As is clear from the above description, according to the present invention, a plurality of pieces of alarm information can be transmitted by effectively utilizing the free bytes of C4 data. Therefore, it is possible to switch and relay alarm information in different directions for each channel.

[Brief explanation of the drawing]

FIG. 1 is a block diagram showing a transmitter of a system according to an embodiment of the present invention.

FIG. 2 is a block diagram showing a receiving section of a system according to an embodiment of the present invention.

FIG. 3: Two-channel multiplexer, SDH, according to an embodiment of the present invention.
FIG. 2 is a block diagram showing a formatting section and an SDH adding section.
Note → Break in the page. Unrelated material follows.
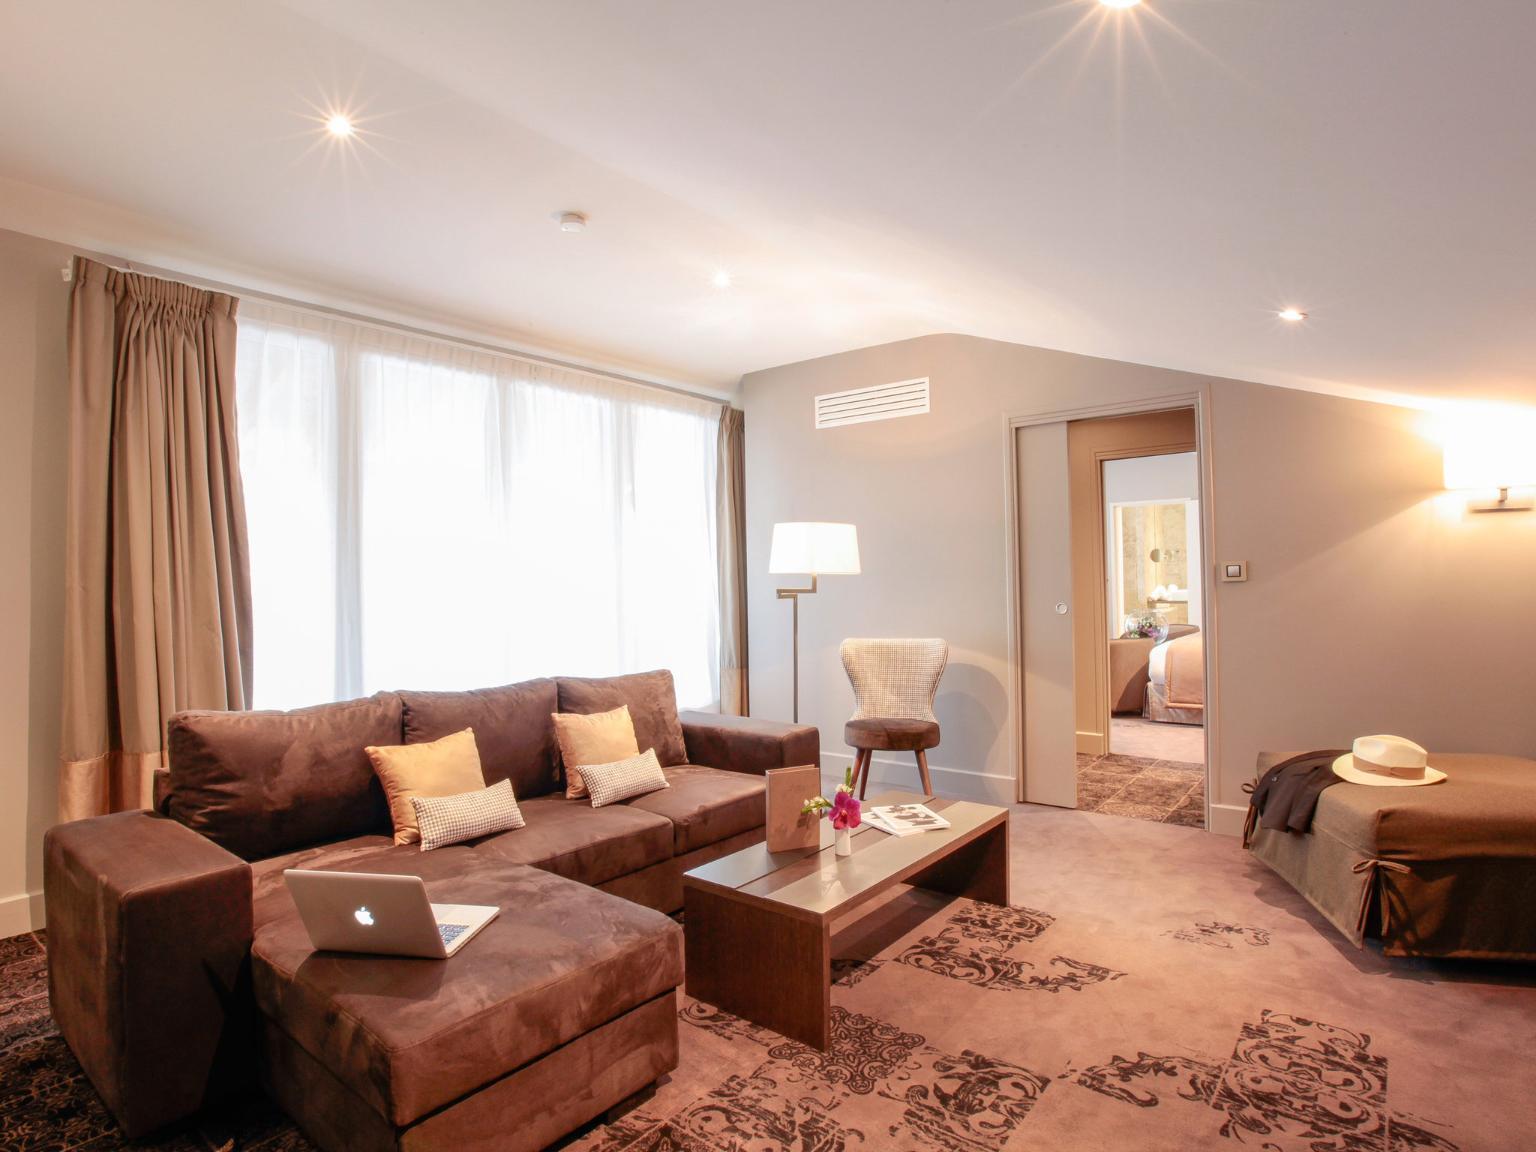 la cour des consuls h tel spa toulouse mgallery by sofitel h tel 46 rue des couteliers. Black Bedroom Furniture Sets. Home Design Ideas
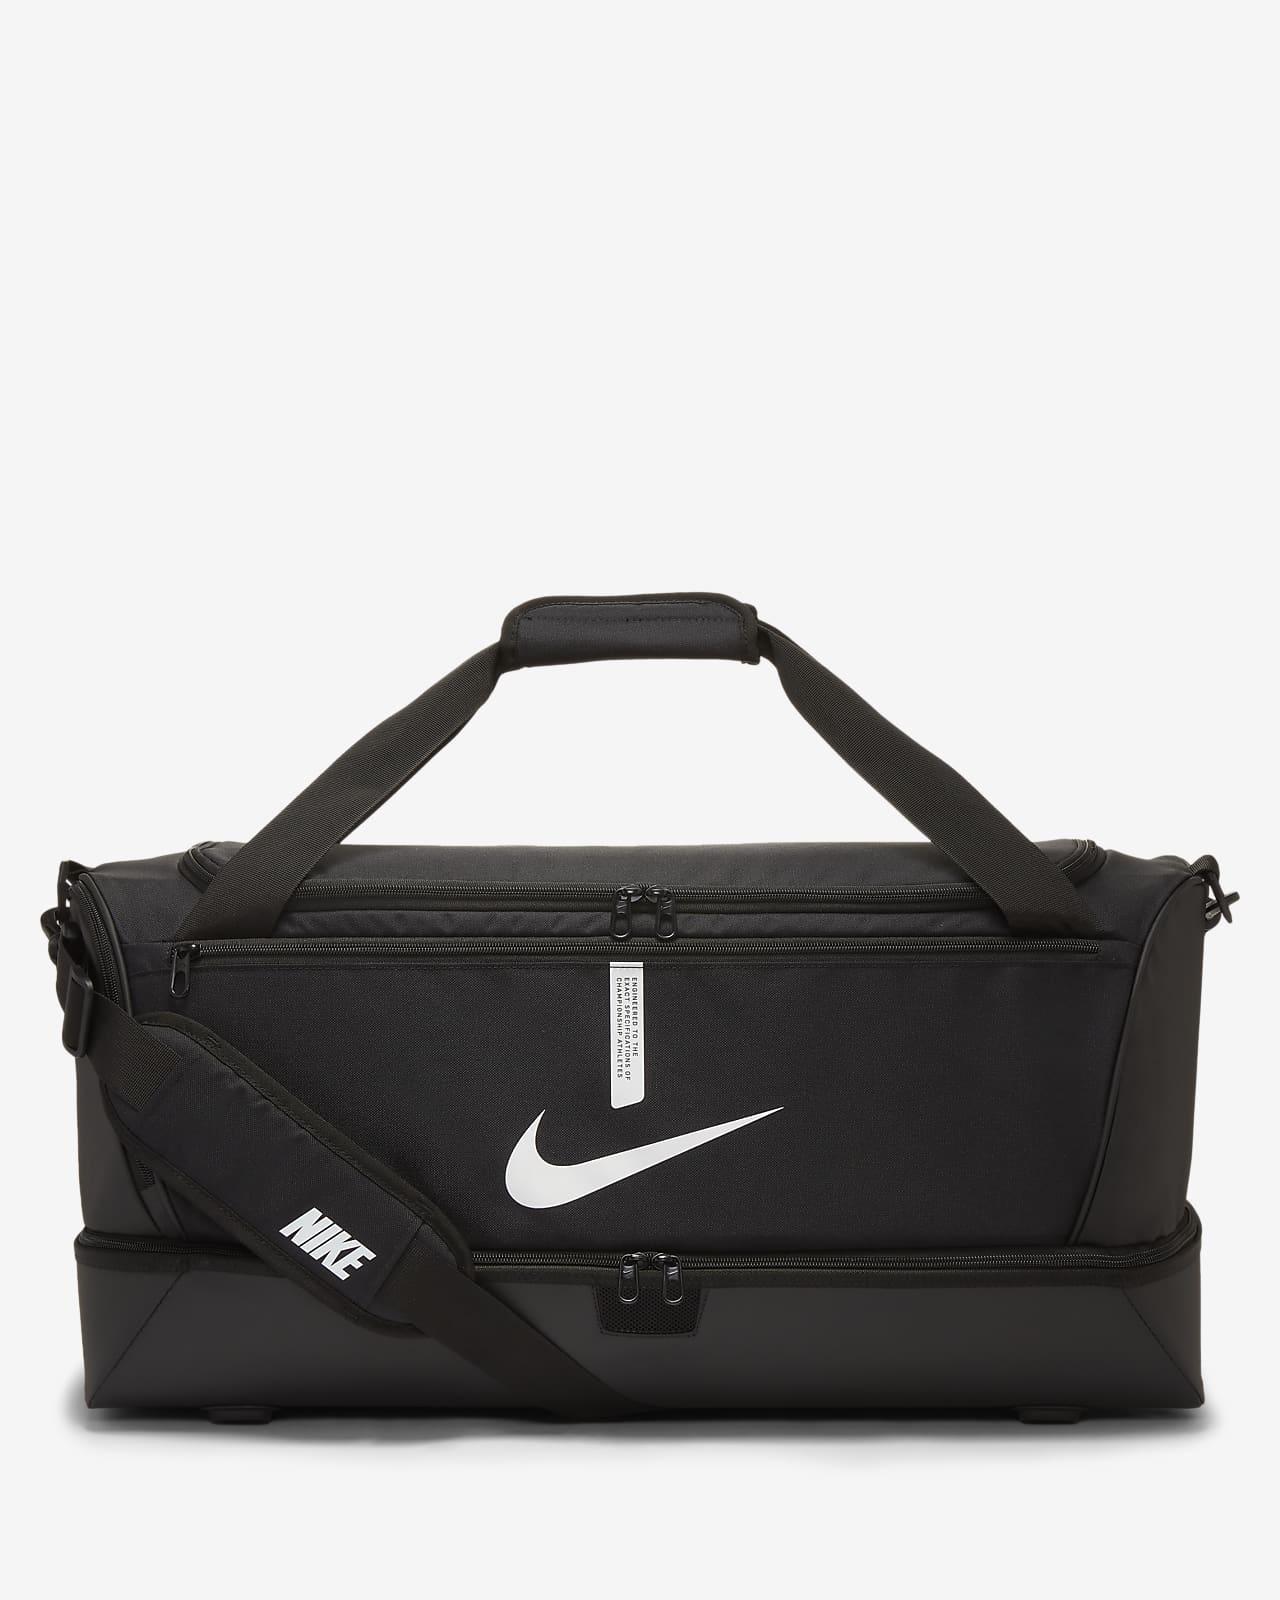 Sac de football rigide Nike Academy Team (grande taille)

FIG. 4 is a configuration explanatory diagram showing a frame configuration of C4 data (payload) in the embodiment.

FIG. 5 is a configuration explanatory diagram showing a frame configuration of C4 data (payload) in the embodiment.

FIG. 6 is a configuration explanatory diagram showing a frame structure of a 155.52 Mbps (STM-1) interface.

FIG. 7 is a configuration explanatory diagram showing conventional overhead mapping.

[Explanation of symbols]

1 2 channel multiplexer 2 SDH formatting section 3 SDH addition section

Claims (1)

[Claims] [Claim 1] A two-channel video signal and at least two
NTSC for two channels consisting of the audio signal of the channel
A multiplexing unit (1) that multiplexes signals so as to map them to C4 data of an STM-1 frame, data output by the multiplexing unit (1), and alarm information added corresponding to each of the channels. and C of the STM-1 frame
SDH formatting unit (2
) and the C output from the SDH formatting section (2).
This video is characterized in that it is equipped with an SDH addition section (3) that adds overhead to the tip of 4 data, and enables transmission of multi-channel video signals and alarm information for each channel when using synchronous digital hierarchy. Signal multiplexing method.